My Husband’s Debut:When Yoel got Lost

My Husband’s Debut:When Yoel got Lost

I so loved this article my husband, Joshua, wrote about the time Yoel got lost at synagogue. Enjoy!

The routine is familiar: it is half an hour before candle lighting and I am in the kitchen, white shirt untucked, drinking a quick coffee, and moving a pot of chicken soup from the stove to the hot plate. Hallel and Maayan are upstairs arguing over whose turn it is to get in the shower. Hadas is reading on the sofa, oblivious to the world, her wet hair combed into a tight bun. And my 5-year-old, Moriah, is helping one of my students set the table, so serious and proud that she’s the one instructing the guest on how to order the room.

As the Shabbat siren goes off, I pull on my grandfather’s old rain coat, and call out “Shabbat Shalom” to Jenny, and anyone else listening, and step out the door.

These are good times for our 3-year-old Yoel. Jenny is upstairs getting a few more minutes of rest before she lights candles, and Moriah is folding napkins just right, in that “self-righteous older sister” mode that drives Yoel crazy. And so the opportunities for mischief are endless. As a bonus, the extra tables in the living room provide plenty of places for a little boy to hide from the consequences of, say, pulling the table cloth off a fully set table.

So Jenny has decided that Yoel is old enough to join me in shul.

Yoel is still too young to read, and only knows a few lines of prayers, but I like it when he comes with me.

When Yoel and I arrive at Hassidic shul I attend on Friday nights, I give him a big bag of ketchup Cheetos, and as I get myself ready for the prayers to start, he joins some other boys his age at the front of the room. The boys sit in a little row, legs crossed, their backs against the towering 15 foot Torah ark, eating treats and watching the men pray (to them).

With his blond side locks, black felt kippa, and vest over a white shirt Yoel fits in well. He looks so comfortable and at home in such an unusual place. I wonder when he will notice that his father is the only person among the hundreds of robed Hassidim wearing a navy blue sweater.

After kabbalat Shabbat services, his chips finished (bag licked clean), and bored with games, Yoel makes his way back to my bench and spends the last half hour beside me, identifying letters in his siddur, announcing in a stage whisper his repeated trips to get a glass of water or go to the bathroom.

On Friday nights the shul is full, but on holidays hundreds of additional families who live outside Jerusalem come to pray with their Rebbe. Impossible numbers of hassidim fill every corner of the synagogue.

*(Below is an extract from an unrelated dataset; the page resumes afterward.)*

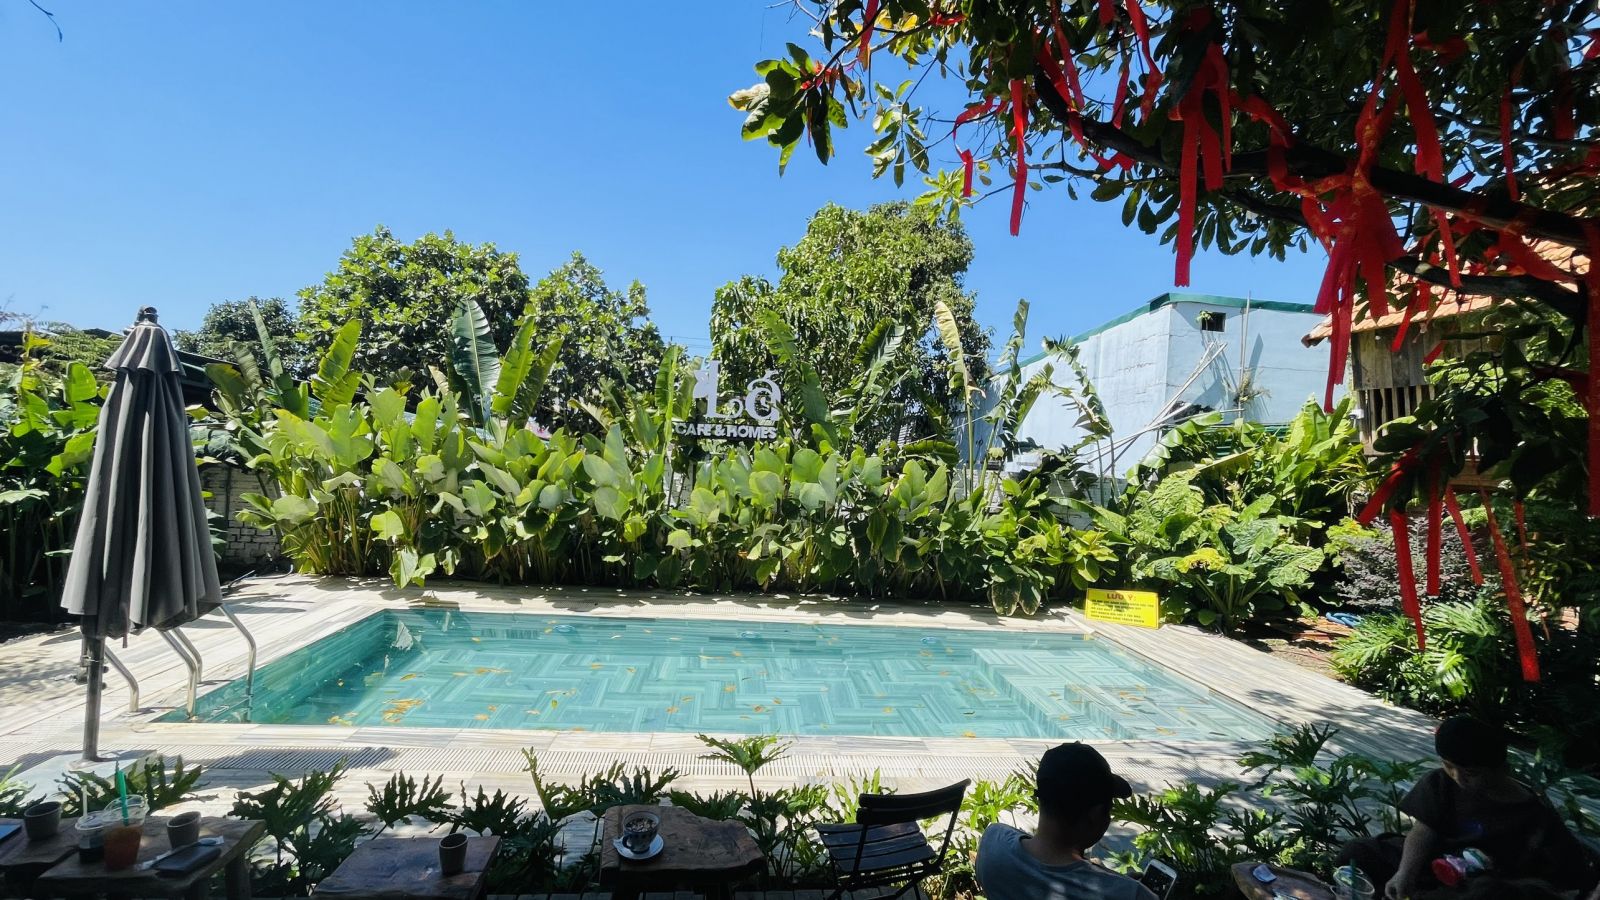 Thiết kế xây dựng hồ bơi khu nghỉ dưỡng-resort chuyên nghiệp tại Cà Mau

It is a bad time to bring a child to shul, but this past Hannuka, in my rush to light candles on time I forgot how crowded it gets on holidays and brought Yoel anyway. I realized my mistake when we arrived, but it was too late and too far to return him home. So I gave Yoel his chips, explained that I would not be in my regular spot, and pointed out a landmark by which he could find me.

By the time prayers began, the room was filled beyond capacity. Forty or fifty tight rows of Hasidim, rolling waves of black and white, long side-locks swaying in counter rhythm to the men’s bodies.
If I get over my initial claustrophobia, it is a sublime experience. Slonimer Hassidim sing powerful tunes to their prayers, especially on holidays, at once mournful and exhilarating. Verse by verse of Lekha Dodi it feels as though something is emerging, unfolding from the souls of the men, something that sweeps me along with it.

As we finished Kabbalat Shabbat, four or five rows ahead of me, I saw a flash of blond. Standing on a chair, Yoel had pushed aside the two men on either side of him with a force I didn’t know he was capable of and was looking for me.

There were tears on his cheeks and desperation flashed in his eyes. I don’t know how long he had been lost.

At the moment I saw his tears as he looked for me in the suddenly frightening crowd, I was overwhelmed as a father, at the power of experiencing his need for me.

I caught the eye of a Hassid near him and he passed him back to someone in the row behind him, and then from hand to hand, row to row, over the crowd, he came back to me. He grabbed me tight, and then for the remaining minutes of the service stuck close, holding my hand. On the way home Yoel fell asleep on my shoulders.

The house was busy, warm and full when we got home. The candles were lit, the table was set, Hallel was coaxing a giggle out of little Tsofia, Hadas, back from shul, was back to reading, and Maayan and Moriah and were tickling each other on the sofa.


  1. What a wonderful loving father your son has!

  2. Sharon Saunders

    I can’t read this blog anymore – too much crying from joy.

  3. This story can’t help but bring up those powerful parental emotions.. And brought me to tears. Beautifully written.

  4. I was imagining sitting in your classroom as you told over this story. Thank you. What a treat.

  5. Mina Esther Gordon

    What a wonderful treasure you have ! If only it was possible for every one to access their thoughts and feelings from long forgotten beautiful moments! We would have a totally different approach to our relationships.
    The view from above is breathtaking.